Ans: Congratulations on your upcoming milestone! Let's craft a financial plan to ensure you're well-prepared for marriage while managing your current expenses and liabilities effectively.

Debt Management
Personal Loan EMI: Since you have a personal loan EMI of 38k, prioritize paying off this debt as soon as possible to reduce financial strain and improve your debt-to-income ratio. Consider increasing your EMI amount if feasible to accelerate debt repayment and save on interest costs.
Expense Budgeting
Living Costs: Allocate a portion of your monthly income towards essential living expenses like rent, bills, groceries, and other necessities. Monitor your spending habits and look for opportunities to reduce discretionary expenses without compromising your lifestyle.

Future Marriage Expenses: Start budgeting for your upcoming marriage by estimating potential expenses like wedding ceremonies, venue bookings, catering, decorations, and other associated costs. Setting aside a portion of your income each month towards a dedicated wedding fund can help mitigate financial stress when the time comes.

Savings and Investments
Emergency Fund: Build an emergency fund equivalent to 3-6 months' worth of living expenses to cover unexpected financial setbacks like medical emergencies or job loss. Keep this fund in a liquid savings account or short-term fixed deposits for easy accessibility.

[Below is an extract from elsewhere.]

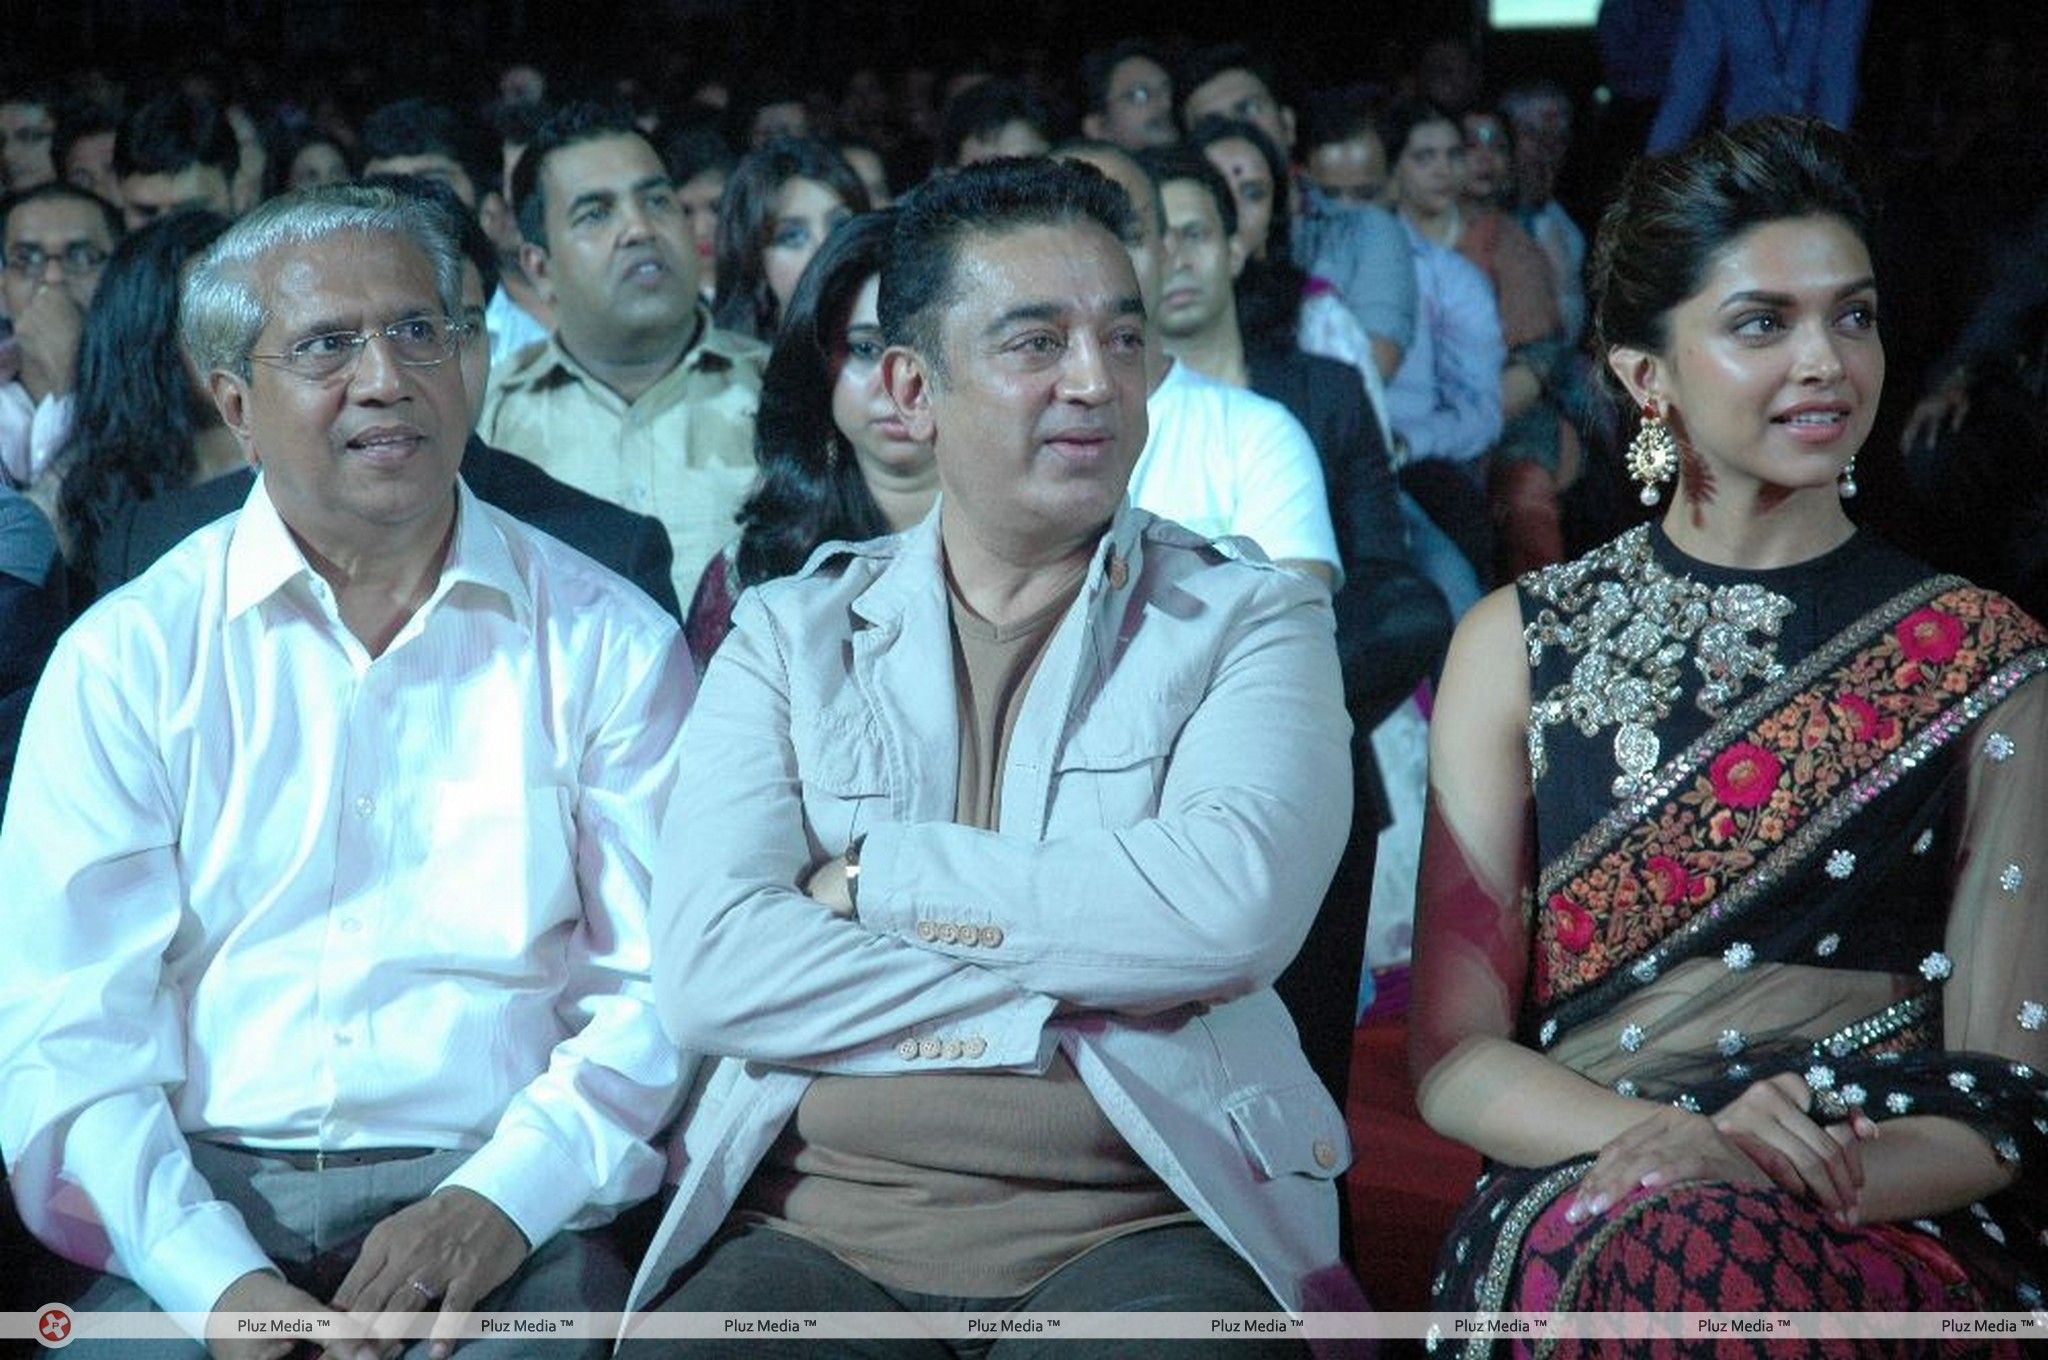 Kamal Hassan - 59th South Indian Filmfare Awards Stills  | Picture 225552
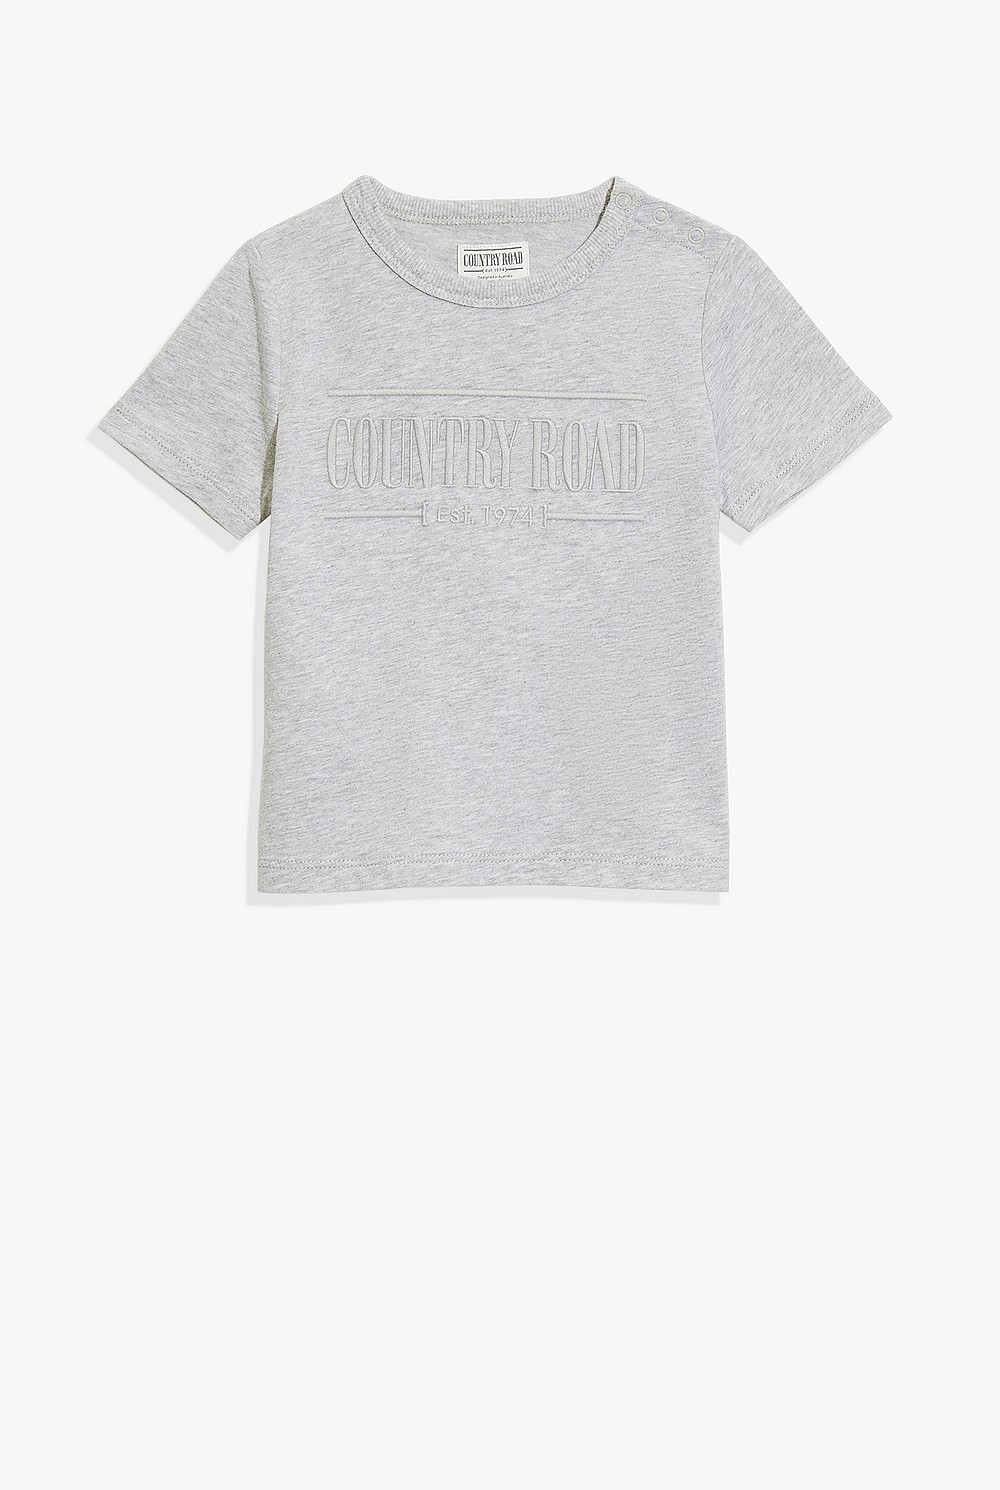 Country Road - Light Grey Marle Hertiage T-shirt

Long-term Goals: Begin investing towards your long-term financial goals, such as retirement planning, wealth accumulation, and asset building. Consider investing in diversified mutual funds, equity SIPs, or tax-saving instruments like ELSS to maximize returns and achieve financial independence over time.

Insurance Planning
Life Insurance: Ensure you have adequate life insurance coverage to protect your loved ones financially in case of any unforeseen events. Evaluate your insurance needs and consider purchasing term insurance with sufficient coverage based on your income, liabilities, and future responsibilities.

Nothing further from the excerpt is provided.